Nav meshes are a qualitative improvement over waypoint graphs, in the same way that A* is a natural progression over Dijkstra's algorithm. In each case, the former has evolved due to the shortcomings of the latter, and is an entirely more useful algorithm for most applications. The shortcoming is, of course, complexity (time and/or space). But I would have to say the tradeoff is small for nav meshes vs. waypoint graphs (i.e. computational complexity may increase, but not by an order of magnitude). For the practical benefits of nav meshes over waypoint graphs, with diagrams, see this blog post. It's clear from this that the only practical benefit to using waypoint graphs is where you actually want restriction of movement to infinitesimal-width lines.
You don't mention any other common types of navigation approaches. That's because the fundamental nature of pathfinding is graph search, and for animals, at the conceptual level, are represented as a sort of graph linking the idea of one place to the idea of another through association, and so on.

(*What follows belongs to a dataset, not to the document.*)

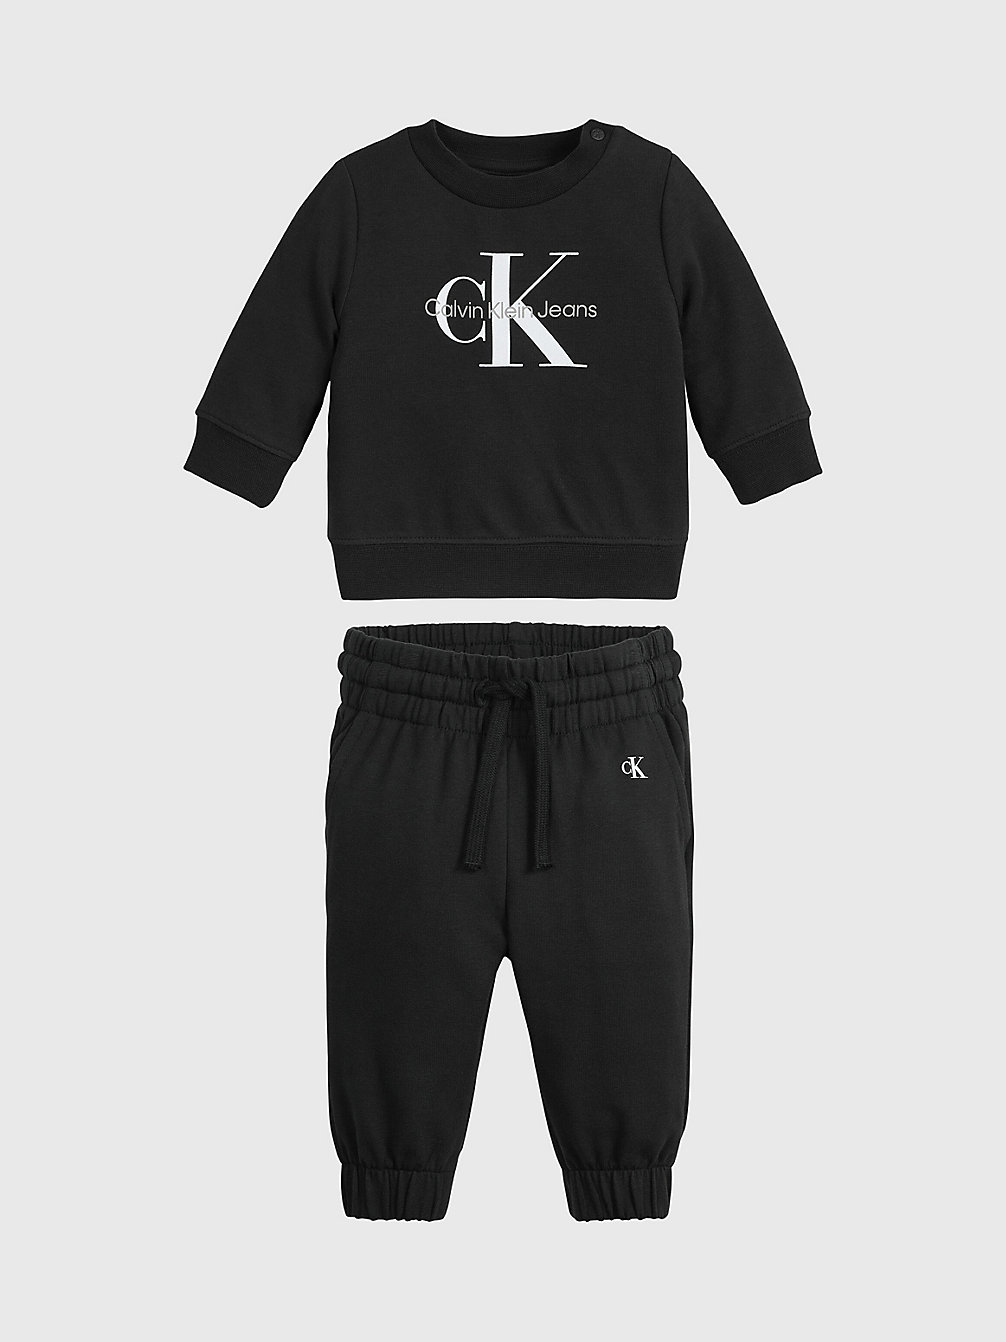 CK BLACK Logo-Trainingsanzug Für Babys undefined newborn Calvin Klein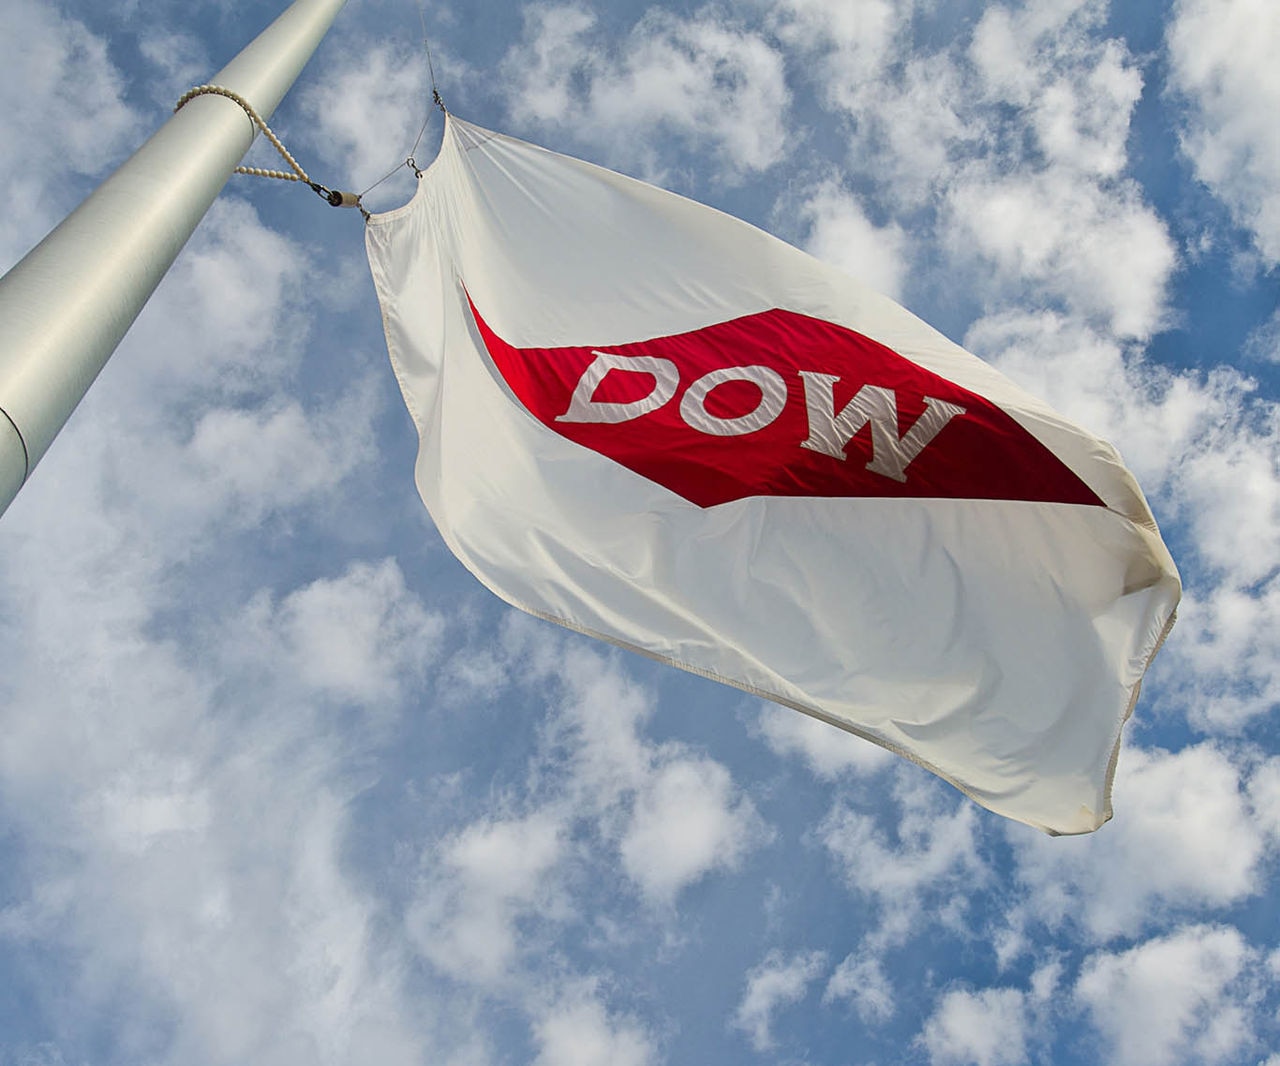 Dow flag cloudy blue sky

There do exist other approaches to eliciting AI movement, such as gradient based approaches (eg. Collaborative Diffusion). But they are not nearly as practical/meaningful to us as graphs, under most circumstances, because that is how we humans grok pathfinding. If a mole, a bat, or an amoeba became sentient/intelligent, they might find diffusion gradients more pertinent, for obvious reasons.
As time passes, improvements do come seemingly "for free" (from the individual perspective). That's why a computer you buy today for $X is many times faster than a computer you could buy ten years ago for the same price. The point is, it's not really free -- somebody, somewhere, has put R&D effort into that. Same with algorithms. And that's why older tech mostly falls by the wayside.